• _WHAT IS BEING ASKED_
Given the material below, output exactly the lines from the line with "Saftige Canteloupe Melone" to the line with "Large Metal Silver", both ends included, and no other lines.
[[ MATERIAL PROVIDED, beginning ]]
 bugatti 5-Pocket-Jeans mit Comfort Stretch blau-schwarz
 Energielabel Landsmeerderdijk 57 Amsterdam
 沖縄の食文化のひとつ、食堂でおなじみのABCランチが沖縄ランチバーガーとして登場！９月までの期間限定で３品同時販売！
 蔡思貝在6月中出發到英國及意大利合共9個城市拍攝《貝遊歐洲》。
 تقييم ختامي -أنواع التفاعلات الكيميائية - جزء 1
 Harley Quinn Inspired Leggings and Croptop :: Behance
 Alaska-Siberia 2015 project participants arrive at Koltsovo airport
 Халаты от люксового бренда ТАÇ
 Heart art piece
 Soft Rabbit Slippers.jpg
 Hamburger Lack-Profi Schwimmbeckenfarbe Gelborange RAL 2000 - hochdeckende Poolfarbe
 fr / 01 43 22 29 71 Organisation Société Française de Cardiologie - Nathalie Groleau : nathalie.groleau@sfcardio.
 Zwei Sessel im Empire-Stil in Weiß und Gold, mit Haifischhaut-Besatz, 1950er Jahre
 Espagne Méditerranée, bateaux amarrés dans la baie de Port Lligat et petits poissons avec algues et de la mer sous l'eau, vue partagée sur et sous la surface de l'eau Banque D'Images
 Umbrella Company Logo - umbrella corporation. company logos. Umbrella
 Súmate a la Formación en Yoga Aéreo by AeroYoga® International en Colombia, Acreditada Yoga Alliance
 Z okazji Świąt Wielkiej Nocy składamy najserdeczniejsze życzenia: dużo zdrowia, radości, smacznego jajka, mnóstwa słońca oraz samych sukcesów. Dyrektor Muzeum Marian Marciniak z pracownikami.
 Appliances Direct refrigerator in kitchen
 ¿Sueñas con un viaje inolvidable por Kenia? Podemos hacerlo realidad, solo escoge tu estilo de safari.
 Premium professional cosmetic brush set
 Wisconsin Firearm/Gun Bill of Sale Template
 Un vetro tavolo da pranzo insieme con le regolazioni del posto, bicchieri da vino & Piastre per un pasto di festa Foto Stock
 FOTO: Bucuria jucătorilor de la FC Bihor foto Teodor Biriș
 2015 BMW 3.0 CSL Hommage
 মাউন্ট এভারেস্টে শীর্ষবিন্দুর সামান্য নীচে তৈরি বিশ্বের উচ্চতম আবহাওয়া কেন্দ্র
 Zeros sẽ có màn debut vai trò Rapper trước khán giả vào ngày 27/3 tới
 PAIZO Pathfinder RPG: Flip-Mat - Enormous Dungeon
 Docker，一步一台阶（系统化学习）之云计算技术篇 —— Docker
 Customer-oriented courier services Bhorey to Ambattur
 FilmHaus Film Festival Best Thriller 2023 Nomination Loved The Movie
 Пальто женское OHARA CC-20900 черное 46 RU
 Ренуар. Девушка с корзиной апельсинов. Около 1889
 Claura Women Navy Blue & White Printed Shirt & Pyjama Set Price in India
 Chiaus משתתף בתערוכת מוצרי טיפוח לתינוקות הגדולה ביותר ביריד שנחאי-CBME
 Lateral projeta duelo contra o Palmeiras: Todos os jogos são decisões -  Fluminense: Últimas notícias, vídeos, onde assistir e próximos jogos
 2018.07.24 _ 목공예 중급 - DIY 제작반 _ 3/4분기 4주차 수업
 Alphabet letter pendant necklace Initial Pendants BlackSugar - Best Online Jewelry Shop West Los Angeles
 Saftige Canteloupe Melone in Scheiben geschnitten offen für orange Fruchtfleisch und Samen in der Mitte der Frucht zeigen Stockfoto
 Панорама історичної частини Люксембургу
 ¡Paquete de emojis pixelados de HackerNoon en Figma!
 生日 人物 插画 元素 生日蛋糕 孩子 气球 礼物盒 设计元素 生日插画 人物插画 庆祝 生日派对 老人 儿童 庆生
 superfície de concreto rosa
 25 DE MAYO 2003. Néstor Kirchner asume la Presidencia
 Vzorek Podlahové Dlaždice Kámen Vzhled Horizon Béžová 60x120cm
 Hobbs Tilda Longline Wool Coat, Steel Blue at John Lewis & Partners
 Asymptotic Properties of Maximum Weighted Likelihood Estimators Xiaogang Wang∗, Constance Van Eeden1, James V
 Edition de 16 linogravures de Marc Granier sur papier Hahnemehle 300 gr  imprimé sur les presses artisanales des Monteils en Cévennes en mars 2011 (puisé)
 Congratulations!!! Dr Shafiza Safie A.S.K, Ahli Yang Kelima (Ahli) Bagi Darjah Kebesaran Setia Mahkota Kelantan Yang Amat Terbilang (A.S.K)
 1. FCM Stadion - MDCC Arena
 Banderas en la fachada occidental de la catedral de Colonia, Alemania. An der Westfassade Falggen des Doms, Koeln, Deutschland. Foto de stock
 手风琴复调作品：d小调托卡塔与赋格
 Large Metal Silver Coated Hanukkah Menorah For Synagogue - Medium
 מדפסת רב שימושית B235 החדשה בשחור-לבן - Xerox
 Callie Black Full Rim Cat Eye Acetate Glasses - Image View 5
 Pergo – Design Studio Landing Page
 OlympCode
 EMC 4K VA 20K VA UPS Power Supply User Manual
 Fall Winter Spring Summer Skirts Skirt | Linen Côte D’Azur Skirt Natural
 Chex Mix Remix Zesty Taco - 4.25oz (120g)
[[ MATERIAL PROVIDED, end ]]
• _EXERCISE OUTPUT_
 Saftige Canteloupe Melone in Scheiben geschnitten offen für orange Fruchtfleisch und Samen in der Mitte der Frucht zeigen Stockfoto
 Панорама історичної частини Люксембургу
 ¡Paquete de emojis pixelados de HackerNoon en Figma!
 生日 人物 插画 元素 生日蛋糕 孩子 气球 礼物盒 设计元素 生日插画 人物插画 庆祝 生日派对 老人 儿童 庆生
 superfície de concreto rosa
 25 DE MAYO 2003. Néstor Kirchner asume la Presidencia
 Vzorek Podlahové Dlaždice Kámen Vzhled Horizon Béžová 60x120cm
 Hobbs Tilda Longline Wool Coat, Steel Blue at John Lewis & Partners
 Asymptotic Properties of Maximum Weighted Likelihood Estimators Xiaogang Wang∗, Constance Van Eeden1, James V
 Edition de 16 linogravures de Marc Granier sur papier Hahnemehle 300 gr  imprimé sur les presses artisanales des Monteils en Cévennes en mars 2011 (puisé)
 Congratulations!!! Dr Shafiza Safie A.S.K, Ahli Yang Kelima (Ahli) Bagi Darjah Kebesaran Setia Mahkota Kelantan Yang Amat Terbilang (A.S.K)
 1. FCM Stadion - MDCC Arena
 Banderas en la fachada occidental de la catedral de Colonia, Alemania. An der Westfassade Falggen des Doms, Koeln, Deutschland. Foto de stock
 手风琴复调作品：d小调托卡塔与赋格
 Large Metal Silver Coated Hanukkah Menorah For Synagogue - Medium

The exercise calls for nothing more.